- [What to do]
In the data that follows, count each line holding the string "DaburIndia"; answer with the number only.

- [Provided entries]

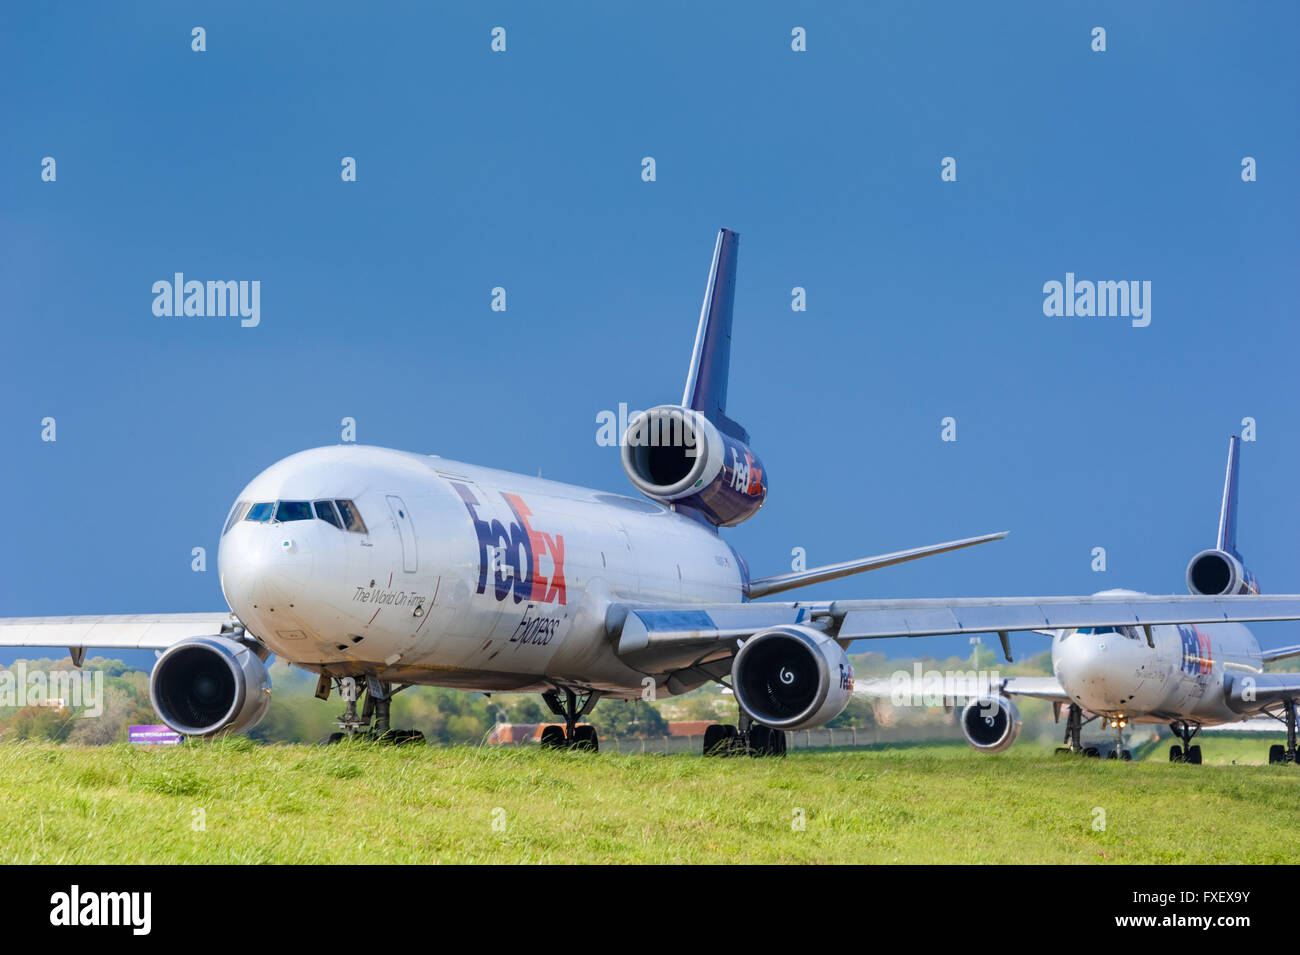 FedEx Express airline jets on taxiway at Memphis International Airport, FedEx's global headquarters in Memphis, Tennessee, USA. Stock Photo
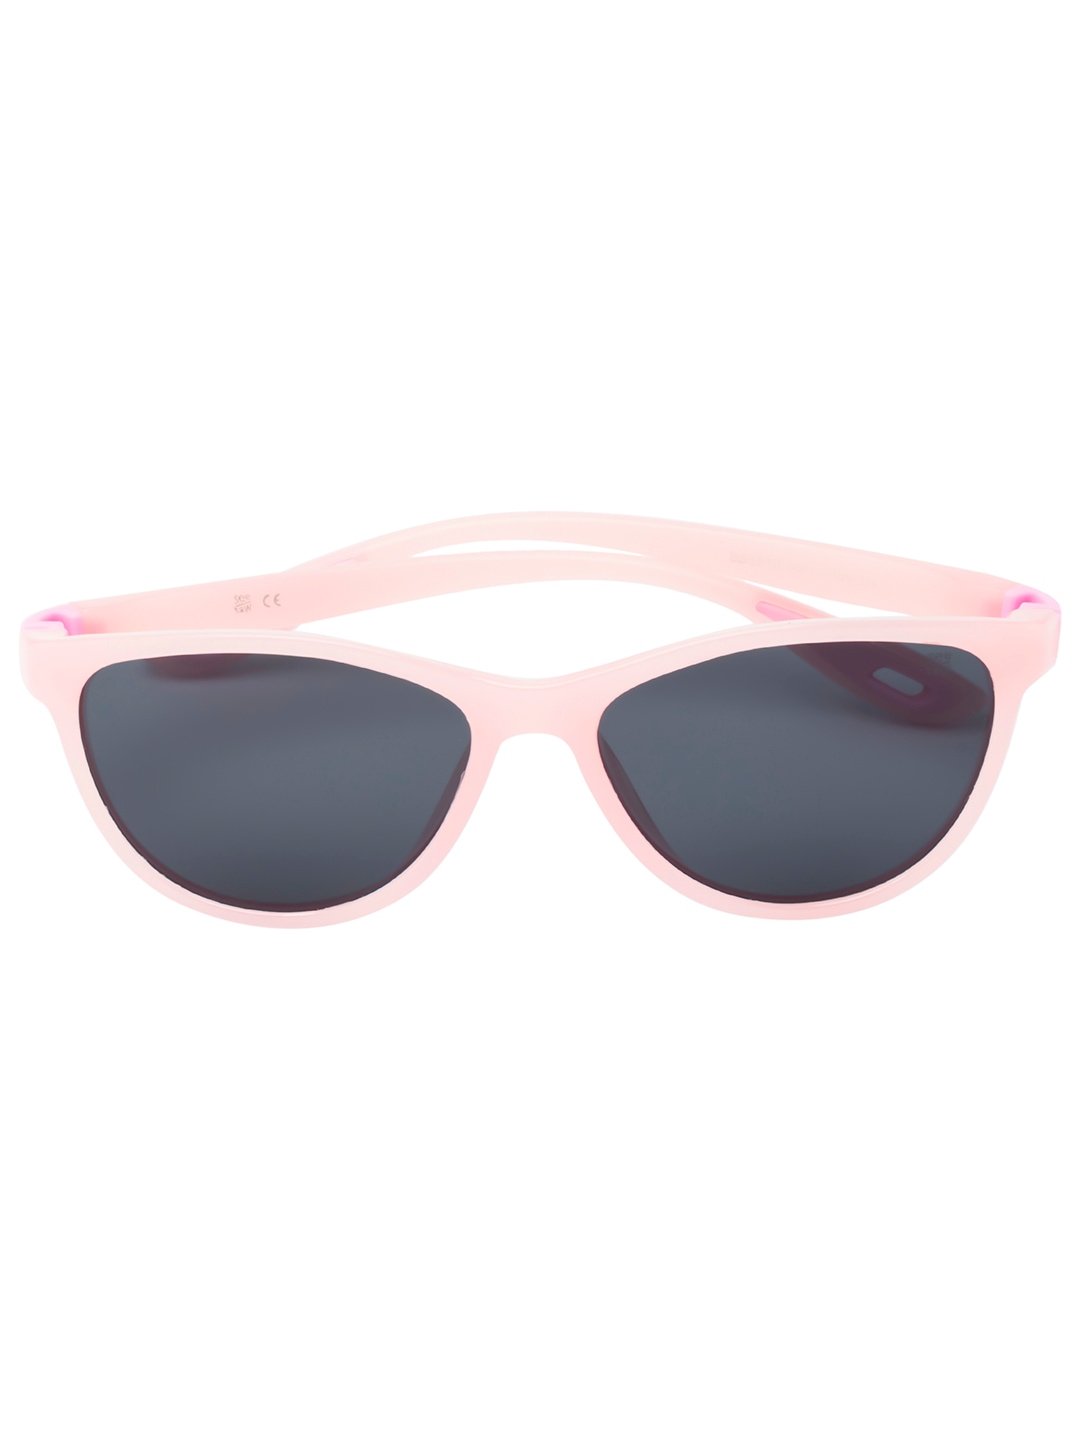 

SEESAW Girls Cateye Sunglasses with Polarised and UV Protected Lens SS3510C150/13, Black
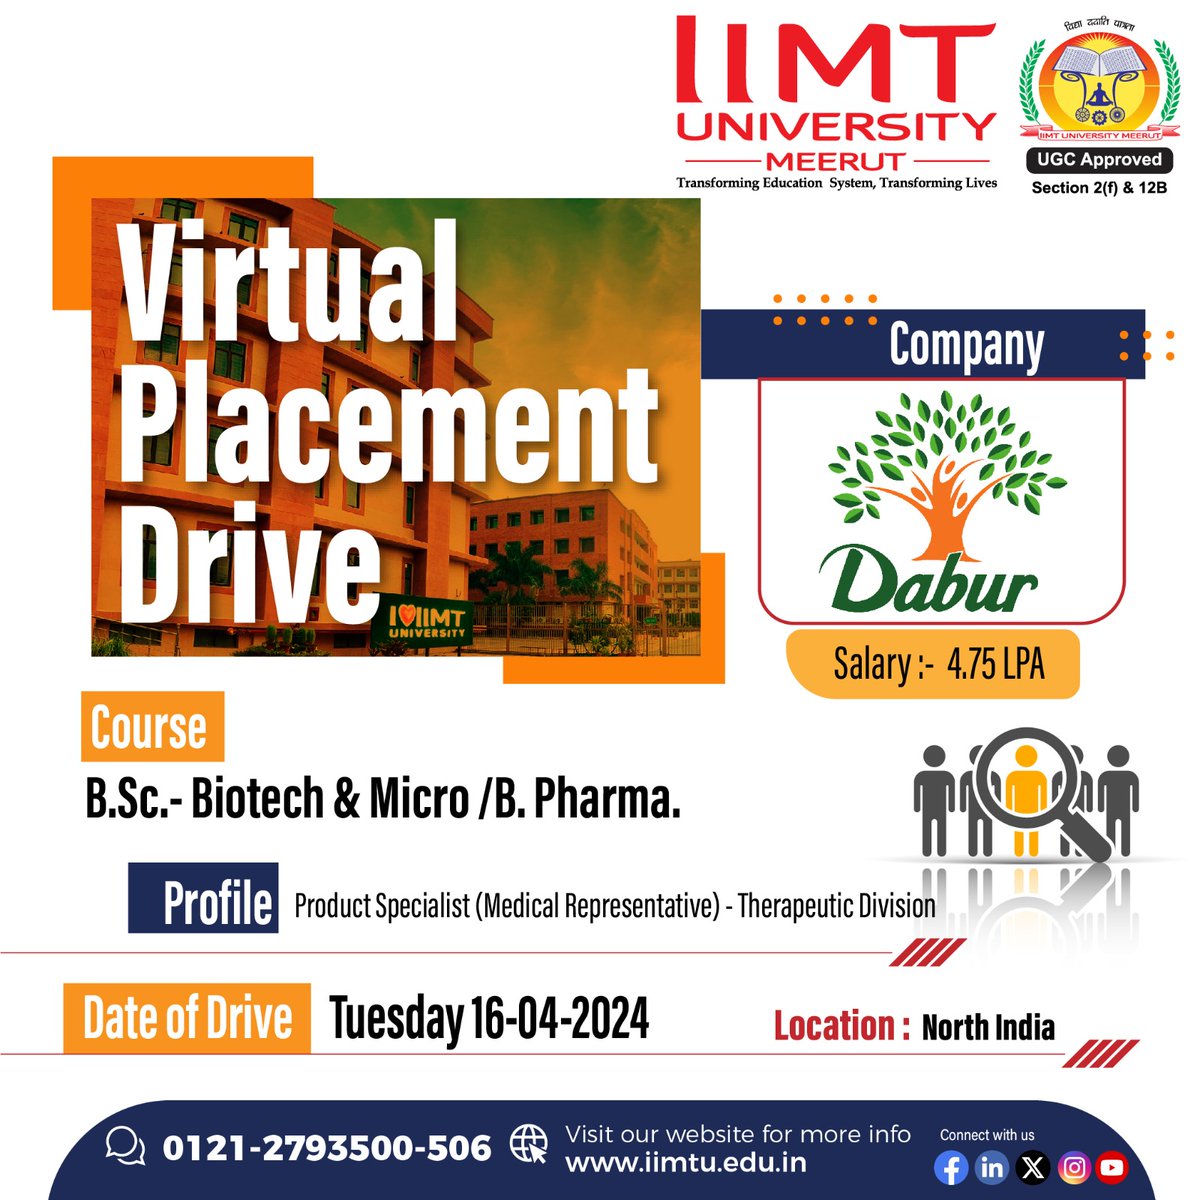 📢 Virtual #PlacementDrive Announcement 
🏢 #Company: @DaburIndia Limited
📅 Date: Tuesday, 16-04-2024
💼 Job Role: Product Specialist (Therapeutic Division)    
📋 Eligibility:  B. Sc. -Biotech & Micro /B. Pharma 
⏰ Timing: 2:00 PM Onwards     

#DaburIndia #Hiring #placements

- [Reply to the exercise]
2